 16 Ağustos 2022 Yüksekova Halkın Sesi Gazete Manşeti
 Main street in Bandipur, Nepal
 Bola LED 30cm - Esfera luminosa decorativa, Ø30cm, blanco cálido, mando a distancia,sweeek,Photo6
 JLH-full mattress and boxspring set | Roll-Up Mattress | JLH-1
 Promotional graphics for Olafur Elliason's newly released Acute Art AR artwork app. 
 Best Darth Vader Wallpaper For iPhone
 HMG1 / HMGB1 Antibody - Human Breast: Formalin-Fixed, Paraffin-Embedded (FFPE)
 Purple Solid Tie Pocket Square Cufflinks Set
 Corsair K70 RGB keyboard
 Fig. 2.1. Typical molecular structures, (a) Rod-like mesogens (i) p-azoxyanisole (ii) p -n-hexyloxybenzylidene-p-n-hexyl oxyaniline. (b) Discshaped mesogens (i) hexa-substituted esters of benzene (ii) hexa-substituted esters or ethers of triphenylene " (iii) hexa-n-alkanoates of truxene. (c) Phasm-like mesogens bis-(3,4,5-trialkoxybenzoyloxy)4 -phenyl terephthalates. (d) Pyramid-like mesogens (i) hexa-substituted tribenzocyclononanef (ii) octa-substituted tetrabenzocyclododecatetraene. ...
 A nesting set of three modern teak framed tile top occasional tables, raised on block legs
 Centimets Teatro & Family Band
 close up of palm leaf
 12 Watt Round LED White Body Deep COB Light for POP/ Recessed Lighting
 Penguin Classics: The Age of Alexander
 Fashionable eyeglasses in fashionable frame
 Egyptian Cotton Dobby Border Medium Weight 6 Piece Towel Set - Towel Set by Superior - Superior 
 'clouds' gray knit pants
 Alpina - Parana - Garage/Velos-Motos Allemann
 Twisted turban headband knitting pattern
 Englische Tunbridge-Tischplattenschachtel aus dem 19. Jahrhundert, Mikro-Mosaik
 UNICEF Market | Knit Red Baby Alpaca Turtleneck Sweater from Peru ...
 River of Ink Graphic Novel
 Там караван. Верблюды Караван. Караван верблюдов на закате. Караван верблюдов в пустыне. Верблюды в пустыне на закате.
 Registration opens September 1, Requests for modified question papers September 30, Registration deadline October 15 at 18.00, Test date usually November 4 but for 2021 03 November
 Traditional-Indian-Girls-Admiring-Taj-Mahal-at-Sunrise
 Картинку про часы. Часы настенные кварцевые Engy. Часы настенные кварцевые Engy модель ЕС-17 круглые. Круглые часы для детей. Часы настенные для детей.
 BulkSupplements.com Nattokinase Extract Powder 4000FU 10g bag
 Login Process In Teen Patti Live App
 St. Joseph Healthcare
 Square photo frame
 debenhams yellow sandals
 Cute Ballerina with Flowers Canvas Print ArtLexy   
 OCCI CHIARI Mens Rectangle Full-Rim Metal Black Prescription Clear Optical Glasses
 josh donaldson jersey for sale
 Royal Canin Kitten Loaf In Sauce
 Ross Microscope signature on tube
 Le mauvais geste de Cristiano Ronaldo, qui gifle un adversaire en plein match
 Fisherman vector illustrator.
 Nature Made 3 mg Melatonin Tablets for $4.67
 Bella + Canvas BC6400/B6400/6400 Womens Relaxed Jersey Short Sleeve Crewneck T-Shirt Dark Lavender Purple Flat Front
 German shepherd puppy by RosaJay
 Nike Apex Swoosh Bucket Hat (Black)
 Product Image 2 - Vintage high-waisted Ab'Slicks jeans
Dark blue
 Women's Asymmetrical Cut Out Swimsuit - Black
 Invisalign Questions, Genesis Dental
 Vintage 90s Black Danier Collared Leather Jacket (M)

_TASK STATEMENT_
Would you quote everything above from the line containing "Main street in Bandipur, Nepal" down to the line containing "Best Darth Vader Wallpaper For iPhone"? Include both of those lines and nothing else.

_RESULT BELOW_
 Main street in Bandipur, Nepal
 Bola LED 30cm - Esfera luminosa decorativa, Ø30cm, blanco cálido, mando a distancia,sweeek,Photo6
 JLH-full mattress and boxspring set | Roll-Up Mattress | JLH-1
 Promotional graphics for Olafur Elliason's newly released Acute Art AR artwork app. 
 Best Darth Vader Wallpaper For iPhone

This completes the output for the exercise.